Task
Restate, exactly as written, the entries below from the line that holds "uv ghai bridal" through the line that holds "LTX GRAY ENAMEL". Pictures are not part of the copy.

Input data
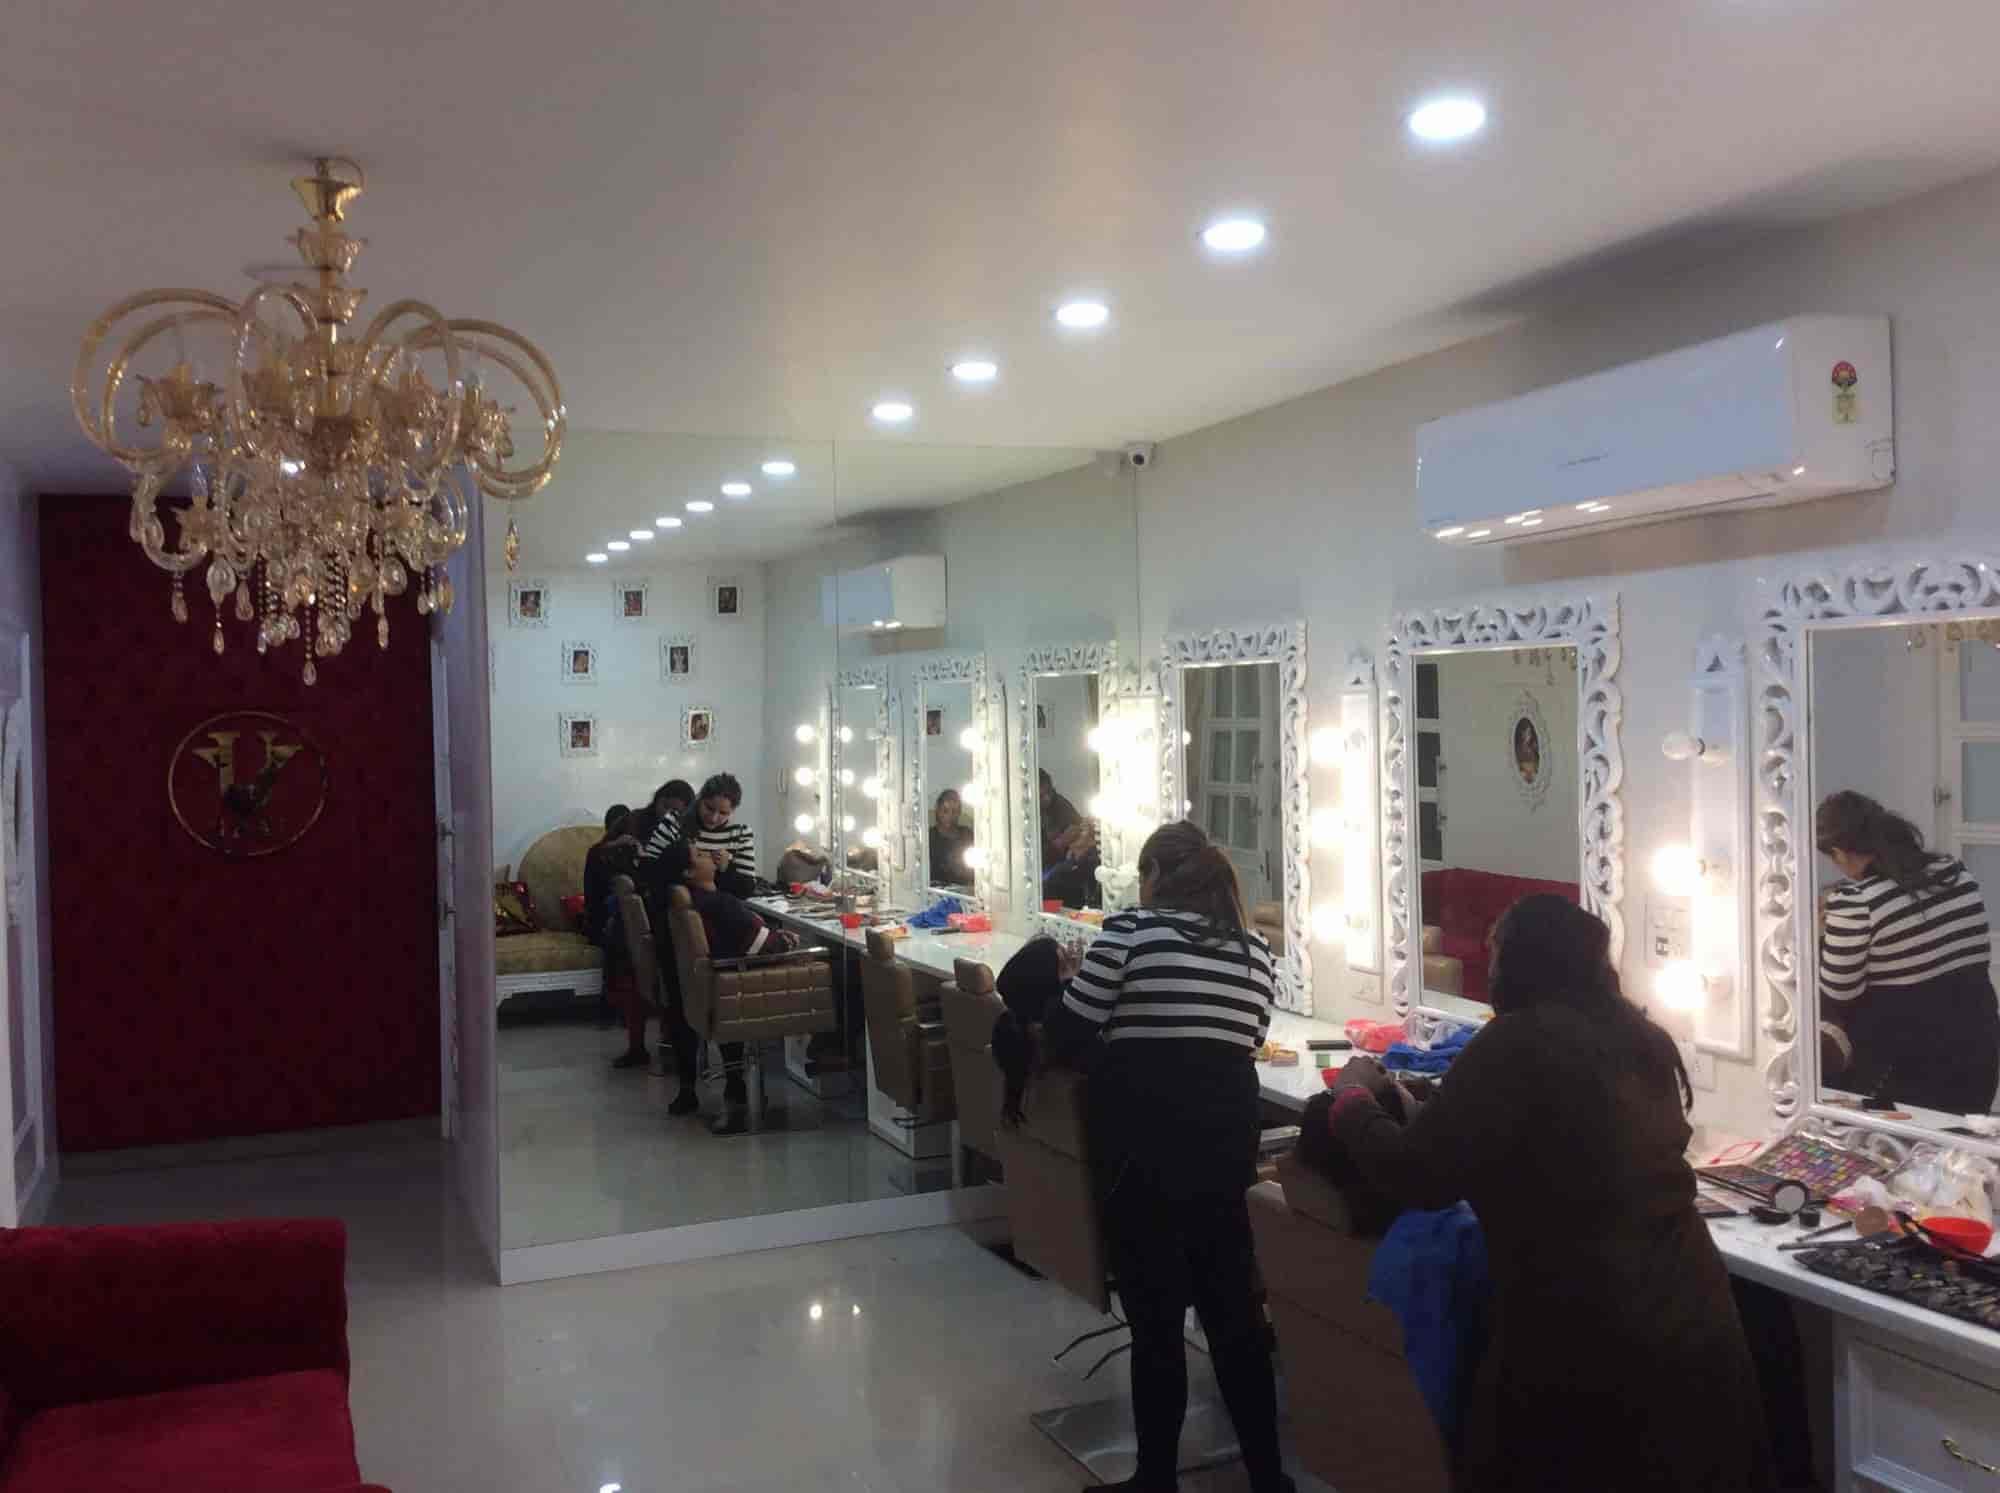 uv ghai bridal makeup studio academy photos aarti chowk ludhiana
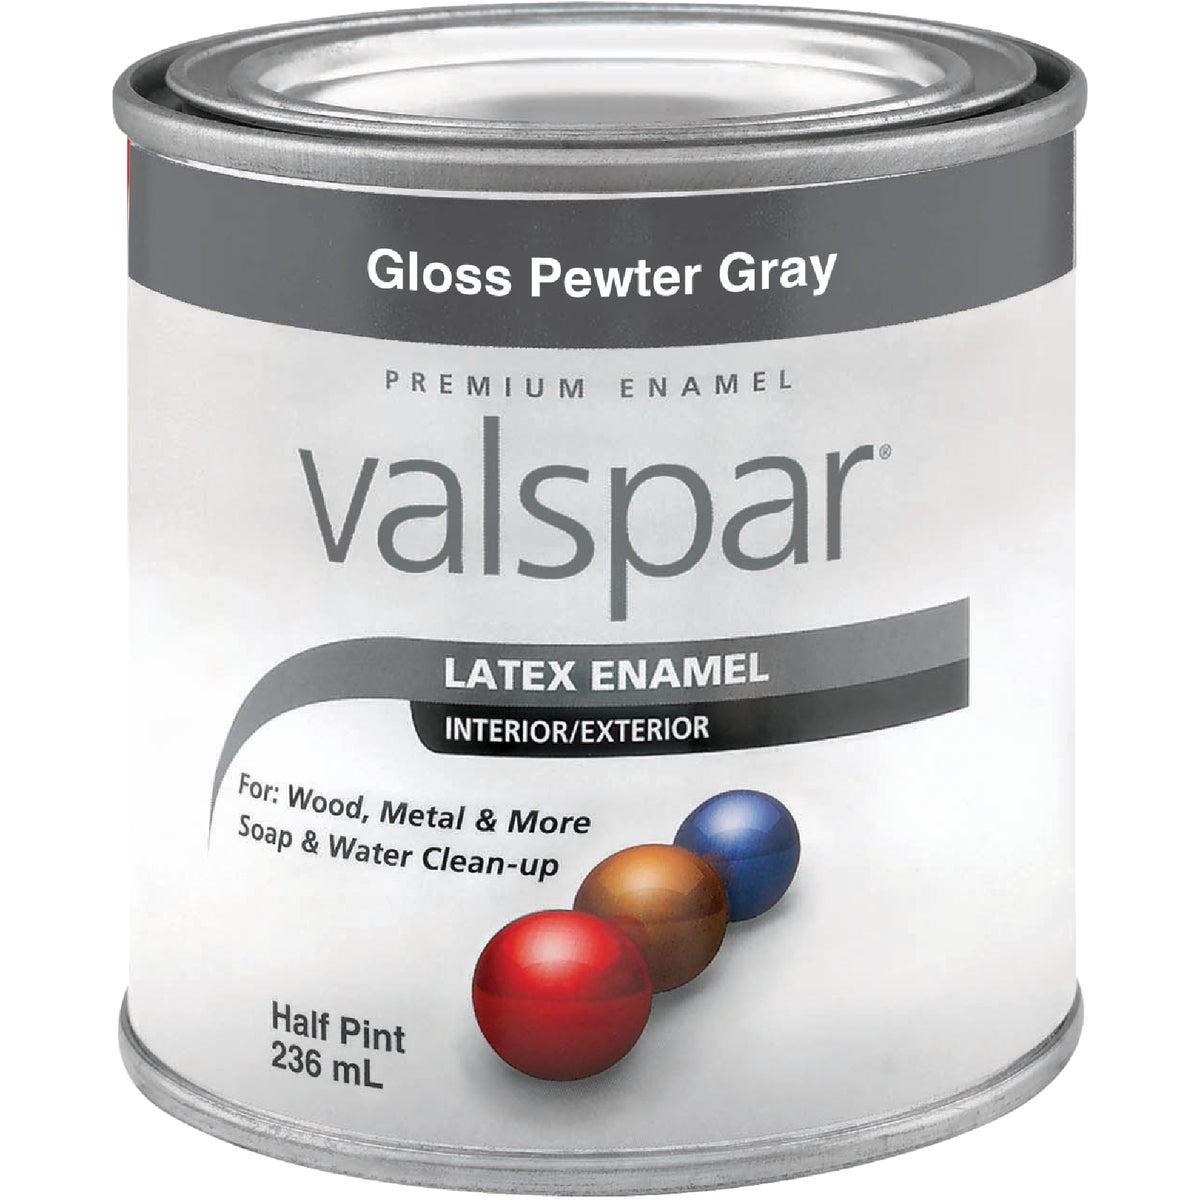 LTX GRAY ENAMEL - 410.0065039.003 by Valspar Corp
---
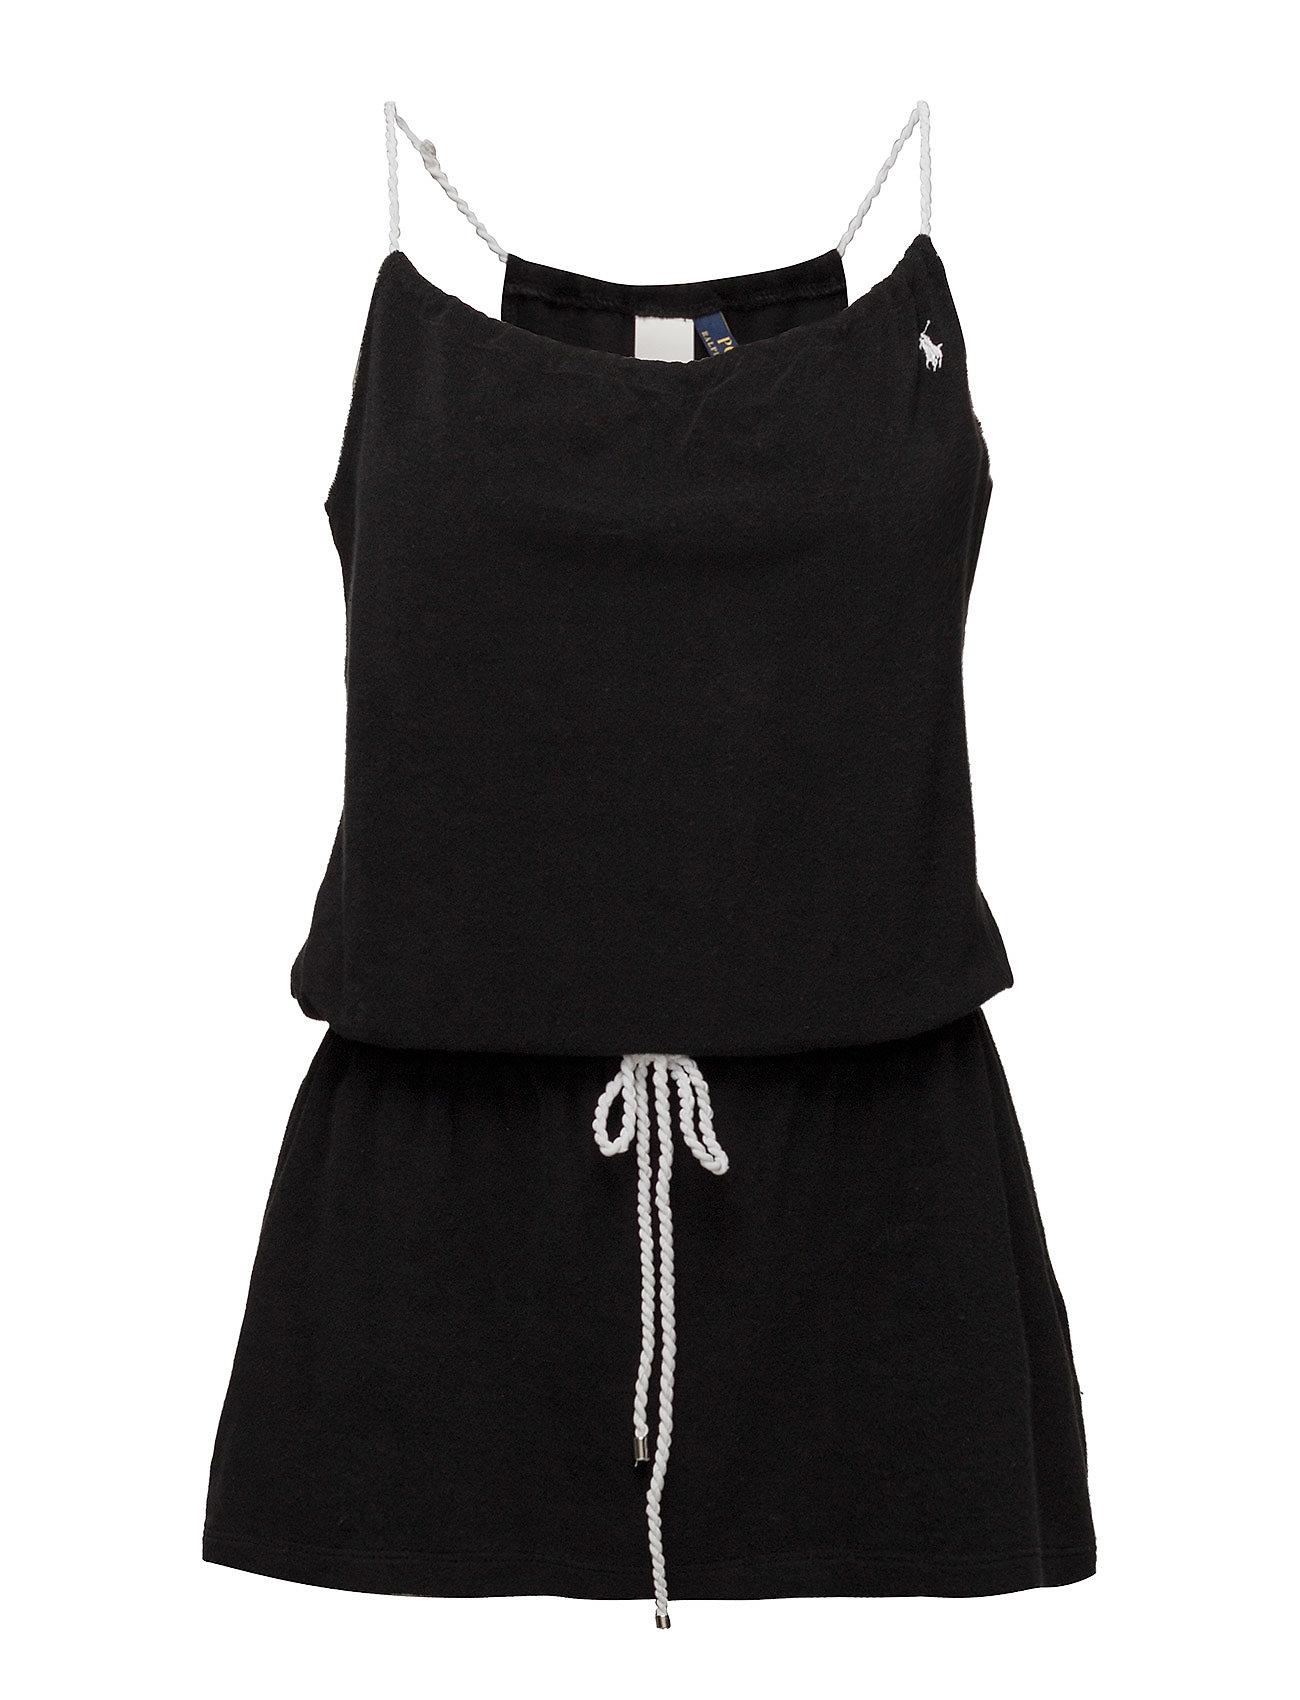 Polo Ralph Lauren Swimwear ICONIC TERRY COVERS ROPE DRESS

Exercise response
 uv ghai bridal makeup studio academy photos aarti chowk ludhiana
 LTX GRAY ENAMEL - 410.0065039.003 by Valspar Corp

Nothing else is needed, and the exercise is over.